Our study addresses these questions by using a conceptual framework informed by Gloria Anzaldúa’s borderlands theory. Borderlands theory arguably views SSWs as potential “nepantleras,” or agents of social change for immigrant students within (and outside of) schools. As nepantleras, SSWs mediate the “borderlands” within schools, brokering resources and fostering new narratives that acknowledge and value the intersecting identities of immigrant students. However, they do so within the social, cultural, and financial constraints of their school context. Understanding these limitations and the strategies SSWs use to navigate them will provide insight into how schools challenge—or reproduce—the social inequalities confronting immigrant students today.

Methods

This paper is based on in-depth interviews collected from April – June 2019 with a convenience sample of school social workers in immigrant-serving schools (n=20). These exploratory interviews were the basis for a national survey of SSWs that is currently underway, and inform our understanding of SSWs as nepantleras. The interview guide examines how SSWs assess the needs of immigrant students, make decisions about referrals, and choose who should receive which types of resources. In-depth interviews ranged from 30 – 90 minutes and were audio-recorded and professionally transcribed. We used nVivo to thematically code the transcribed interviews with borderlands theory as our framework.

Results

Respondents describe innovative programming and service delivery solutions, as well as profound institutional dysfunction and leadership problems. Within this tension, some SSW respondents have developed a perspective that reflects core tenets of a nepantlera paradigm.
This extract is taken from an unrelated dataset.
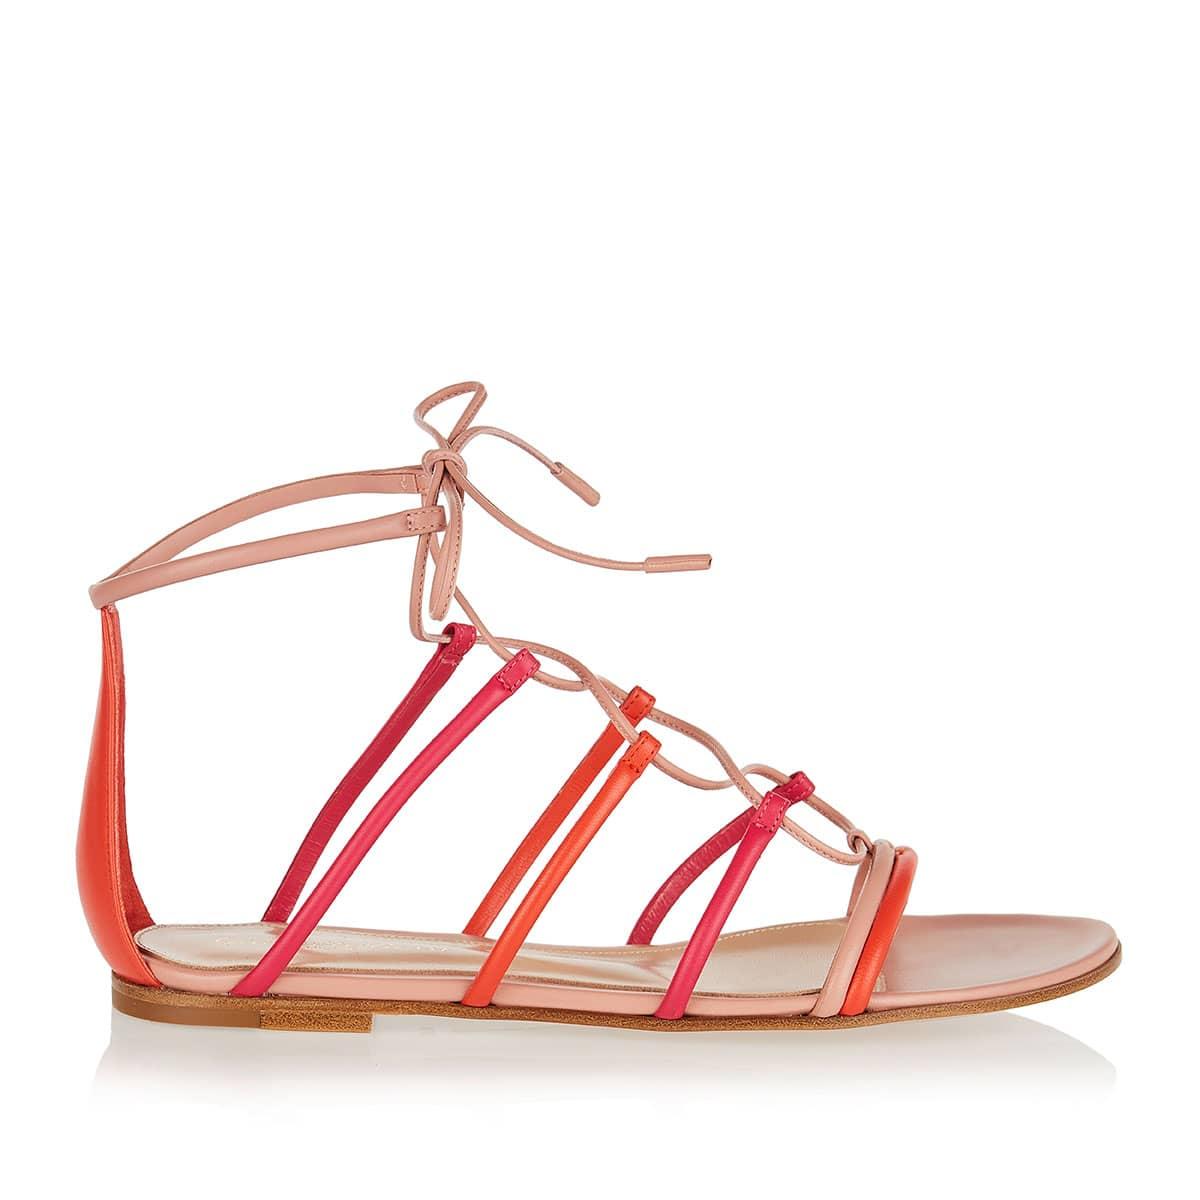 Gladiator flat leather sandals

This perspective of immigrant students guides their interventions and, at times, serves as a justification for actions that may be viewed by some as “subversive.” Our results map this range of actions and advance our empirical understanding of SSWs as nepantleras.

Conclusions and Implications

This timely study addresses the urgent need to interrupt the stratification of resources for recently arrived, unauthorized, and mixed-status-family immigrant students. This new knowledge addresses the persistent inequalities and restricted opportunities that immigrant students encounter when they cross borders of all types, whether in schools or outside of them, and how SSW’s can work to work to challenge inequities in the schools, create more responsive systems, and intervene at all Tiers with an approach that considers the lived realities and contexts of immigrant students.